The ability of some salamanders to regenerate lost limbs has long fascinated the science community.
Now an international team of scientists has created strains of genetically marked salamanders known as axolotl, that express molecular labels associated with connective tissue cells. The researchers also analyzed the activity of different genes in specific cells using single-cell RNA sequencing. Together, these approaches could shed light on exactly how some salamanders are able to regenerate, potentially leading to a better understanding of if and how regeneration could occur in mammals.

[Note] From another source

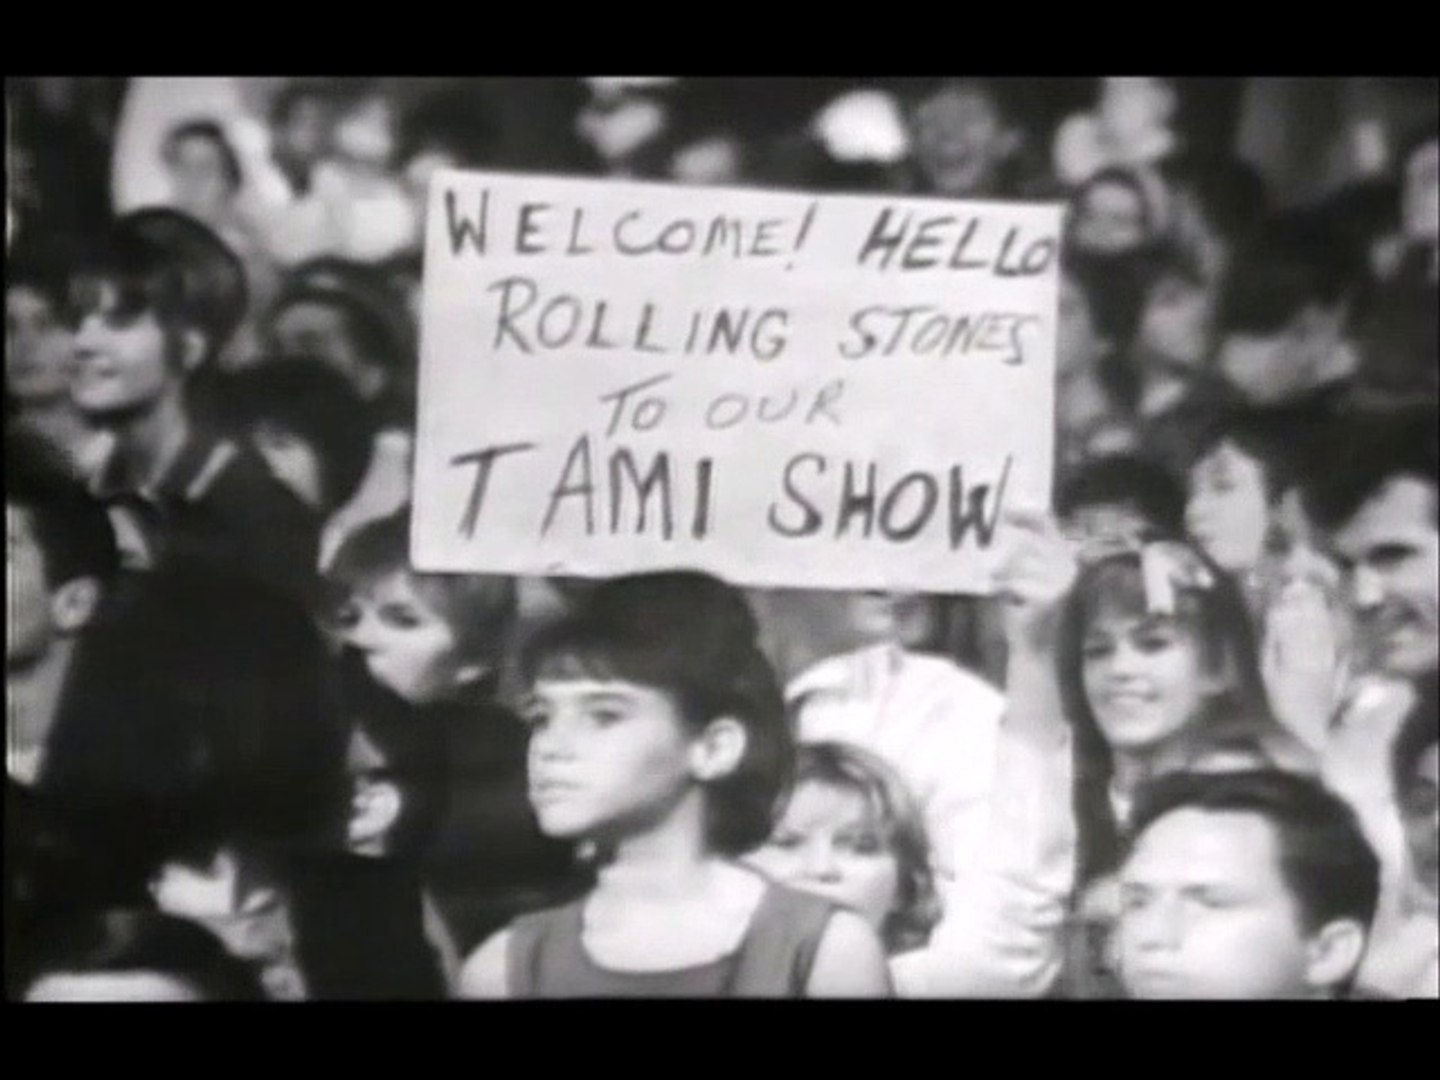 Rolling Stones - Around and around T.A.M.I. Show 10-29-1964 - Video  Dailymotion

“When we tried to analyze the fate of cells in regenerating limbs, it used to be like making a fruit juice with a bowl of fruit without knowing what kinds of fruit are inside,” Prayag Murawala of the Research Institute of Molecular Pathology (IMP) and one of the authors of the study, said in a statement. “But now we can pick apples and make an apple-juice, or we can pick cherries and make cherry-juice from this mix-fruit bowl.
“Using this new level of resolution, we showed that there is no ‘magic cell’ that axolotls would have and that mammals would not have,” he added. “Both rely on fibroblasts in case of an injury, but one can regrow organs, whereas the other forms fibrotic scars.”
Salamanders can replace lost limbs, even as adults, a unique train amongst four-legged creatures in the animal world. Some species of salamander, like the Ambystoma mexicanum, have become popular model organisms for studying regeneration.
When the A. mexicanum or Mexican axolotl loses a limb, cells from near the stump accumulate to form a bastema tissue that can grow back a fully functional limb composed of several different tissue and cell types like muscles, neurons or connective tissue.
The scientists found two possible models that lead to the formation of a blastemal—one where stem cells sit dormant within the connective tissue and wait for when they are needed and one where mature connective tissue cells respond to the loss of a limb by “de-differentiating” into limb progenitor cells.
However, in the past it has not been possible to isolate a blastemal precursor cell and track the fate of its lineage in an adult axolotl to confirm either of these models.
The two combined approaches allowed the team to track the origin and fate of blastemal-precursors and characterize their molecular profiles through the course of limb regeneration.
“When we started this work, it was unclear whether blastema-like cells exist in the mature uninjured limbs ready to get activated in case of an injury,” Dunja Knapp, a postdoc at DFG Research Center for Regenerative Therapies Dresden, said in a statement. “Now we carefully looked through thousands of cells in uninjured limbs and haven’t found a single cell like it.
“This indicated that an injury stimulates reprogramming of mature cells in the limbs. Now it will be important to figure out if an injury can induce similar changes in mature mammalian cells.”
The researchers found that blastemal progenitors originate from mature fibroblasts and that if a limb is lost the mature cells do de-differentiate into progenitor cells similar to the cells found in embryonic limb buds. Through testing, the researchers could not find any indication of the presence of pre-existing progenitor cells, which was a previous theory as to why the axolotl is able to regrow limbs and organs.
The team next plans to examine further what makes axolotl fibroblasts different and what empowers them to develop stem-cell properties and replace complex body parts.